Step 3: Wait for events — kevent() without changes (kern_event.c:8017):
kqueue_scan(kqueue_t kqu, int flags, ...) {
for (;;) {
kqlock(kqu);
error = kqueue_process(kqu, flags, kectx, callback); // process triggered events
if (error || (flags & KEVENT_FLAG_IMMEDIATE)) {
return error;
}
// no events yet — block the thread
kqu.kqf->kqf_state |= KQ_SLEEP;
assert_wait_deadline(&kqu.kqf->kqf_count, THREAD_ABORTSAFE, deadline);
kqunlock(kqu);
thread_block_parameter(kqueue_scan_continue, kqu.kqf); // context switch away
}
}
The thread is removed from the CPU run queue. Zero CPU usage.
Step 4: Event fires — e.g., TCP data arrives on a socket:
The network stack calls sorwakeup() → sowakeup() (uipc_socket2.c:625):
sowakeup(struct socket *so, struct sockbuf *sb, ...) {
selwakeup(&sb->sb_sel); // wake select() waiters
sbwakeup(sb); // wake msleep() waiters
if (sb->sb_flags & SB_KNOTE) {
KNOTE(&sb->sb_sel.si_note, SO_FILT_HINT_LOCKED); // trigger kqueue knotes
}
}
KNOTE() expands to knote() (kern_event.c:6590):
knote(struct klist *list, long hint, ...) {
SLIST_FOREACH_SAFE(kn, list, kn_selnext, tmp_kn) {
knote_post(kn, hint); // check filter, activate if ready
}
}
knote_post() → calls the filter’s f_event() → if FILTER_ACTIVE → knote_activate() → knote_enqueue():
knote_enqueue(kqueue_t kqu, struct knote *kn) {
struct kqtailq *queue = knote_get_tailq(kqu, kn);
TAILQ_INSERT_TAIL(queue, kn, kn_tqe); // add to triggered queue
kn->kn_status |= KN_QUEUED;
kqu.kq->kq_count++; // increment triggered count
// wake up thread blocked in kqueue_scan()
kqfile_wakeup(kqu.kqf, 0, THREAD_AWAKENED);
}
Step 5: Thread wakes up — kqueue_scan continues, kqueue_process() iterates only the triggered queue:
do {
while ((kn = TAILQ_FIRST(queue)) != NULL) {
knote_process(kn, kectx, callback); // call filter's f_process(), copyout to user
}
} while (queue-- > base_queue);
What event sources exist
From bsd/sys/event.h:70-84:
#define EVFILT_READ (-1) // fd is readable (socket has data, file has bytes)
#define EVFILT_WRITE (-2) // fd is writable (socket buffer has space)
#define EVFILT_AIO (-3) // async I/O complete
#define EVFILT_VNODE (-4) // file changed (write, delete, rename, attrib)
#define EVFILT_PROC (-5) // process state change (fork, exec, exit, signal)

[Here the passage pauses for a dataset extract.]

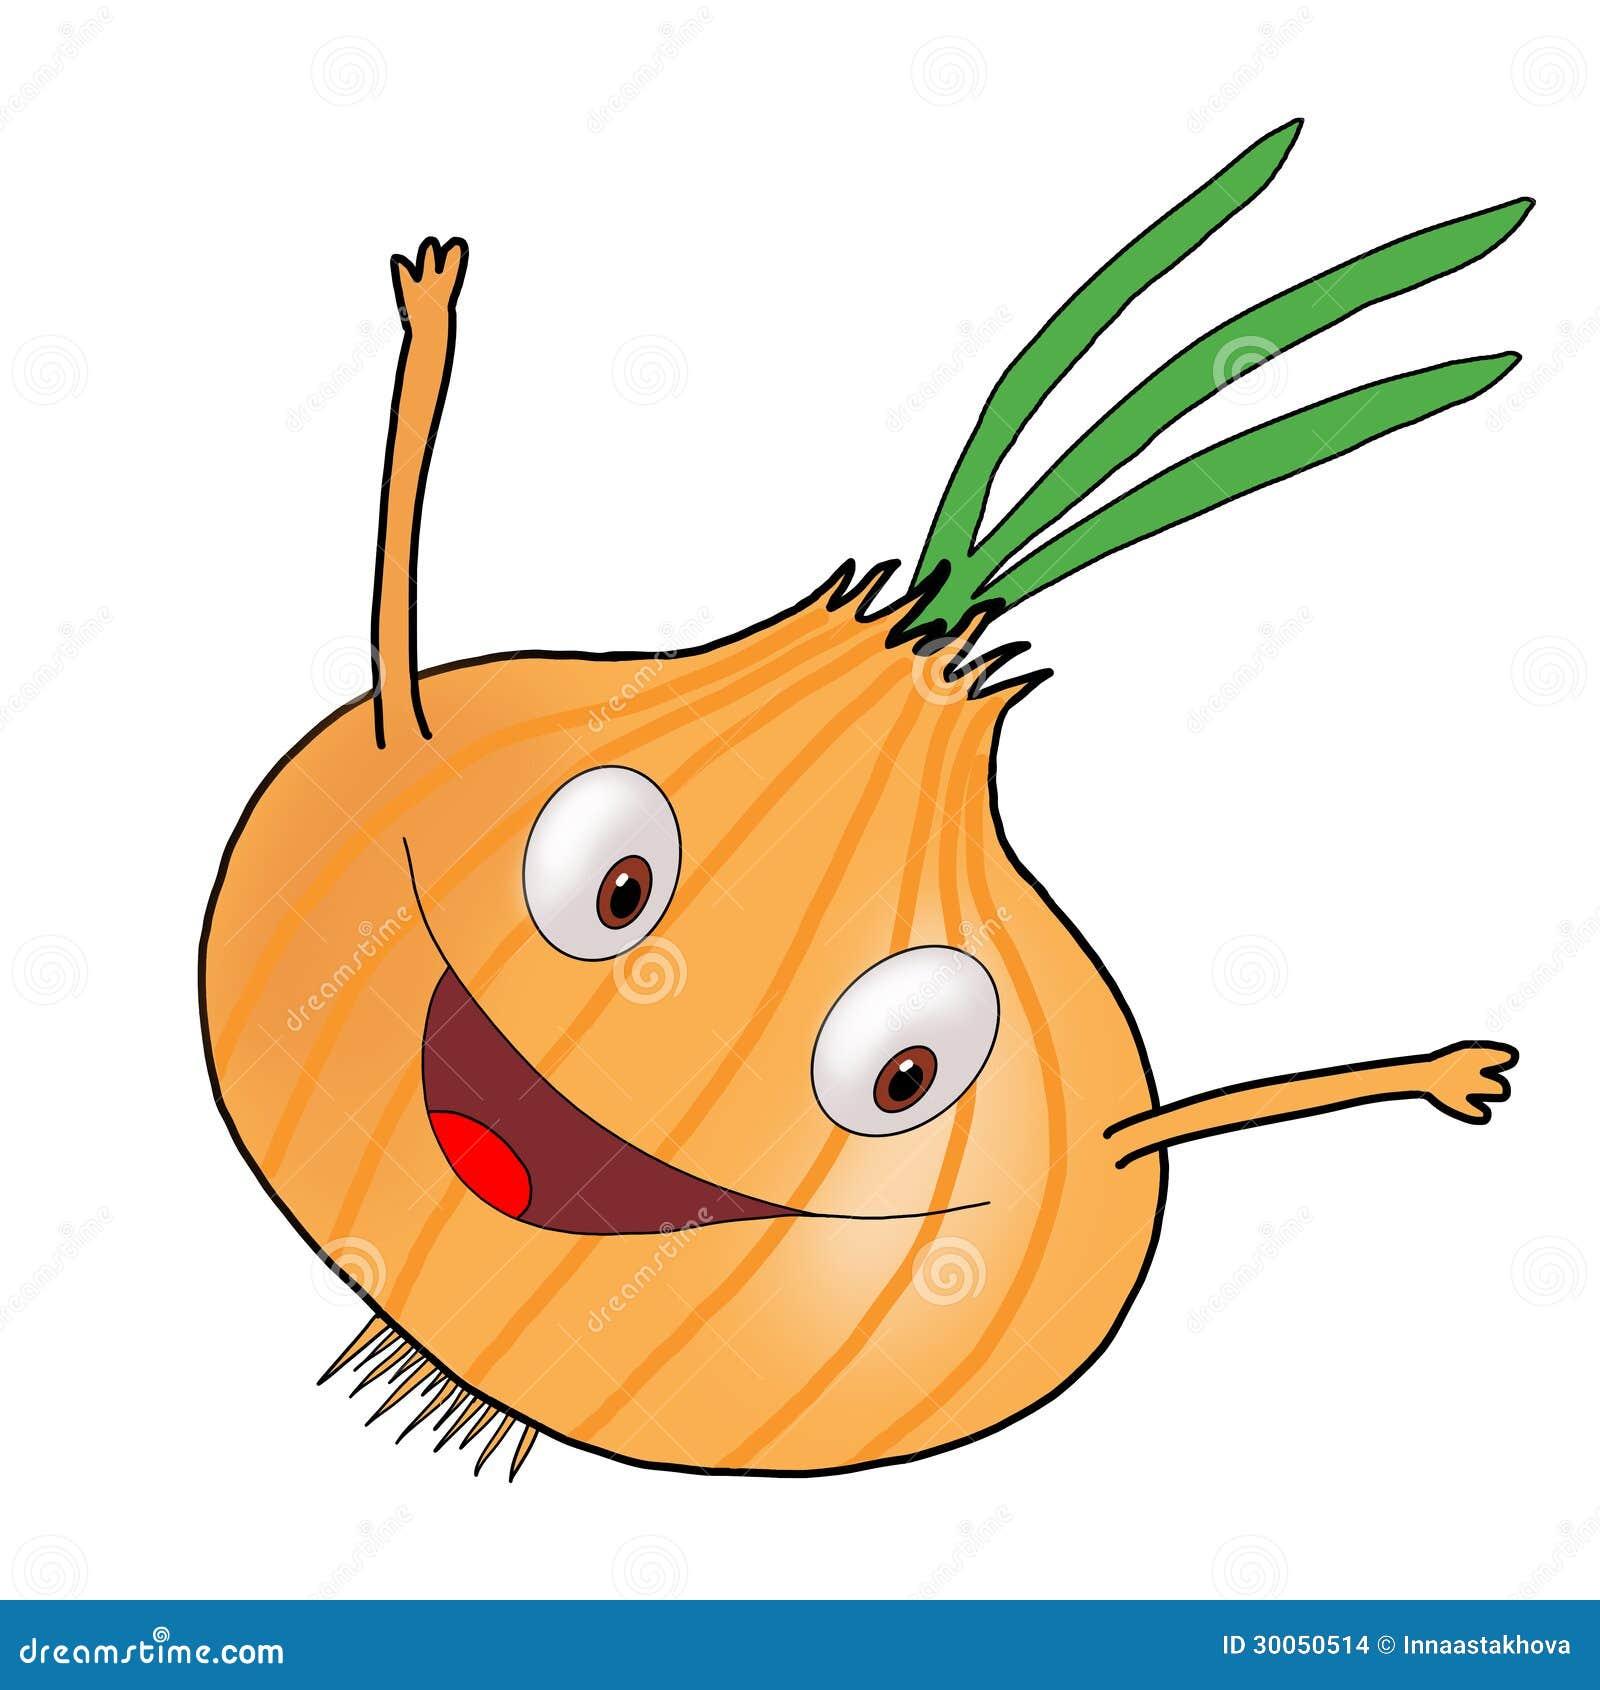 Image Gallery onion cartoon drawing

#define EVFILT_SIGNAL (-6) // signal delivered
#define EVFILT_TIMER (-7) // periodic/one-shot timer
#define EVFILT_MACHPORT (-8) // Mach port message arrived
#define EVFILT_FS (-9) // filesystem event
#define EVFILT_USER (-10) // user-triggered event (manual wakeup)
#define EVFILT_VM (-12) // virtual memory event
#define EVFILT_EXCEPT (-15) // exception events
The three kqueue flavors
XNU has three kqueue types:
-
kqfile — the classic
kqueue()syscall result. One queue, used withkevent()/select(). (eventvar.h:172) -
kqworkq — private per-process kqueue for GCD/libdispatch. Has per-QoS buckets (
KQWQ_NBUCKETS= 6). Events are segregated by priority so high-QoS events get serviced first. (eventvar.h:211) -
kqworkloop — the modern evolution. Supports bound threads (a thread permanently parked on the workloop), thread handoff, and QoS-aware processing. Used by Swift concurrency and modern GCD. Has
KQWL_NBUCKETS= 5 priority levels. (eventvar.h:234+)
kqueue vs select/poll
The critical difference: select() scans all registered FDs every time to check readiness. kqueue only processes knotes that have been explicitly triggered by the event source. The watched object (socket, vnode, etc.) calls KNOTE() when something happens — kqueue never polls.
This is why kqueue scales to thousands of FDs efficiently: the cost is proportional to the number of events that actually fire, not the number of things being watched.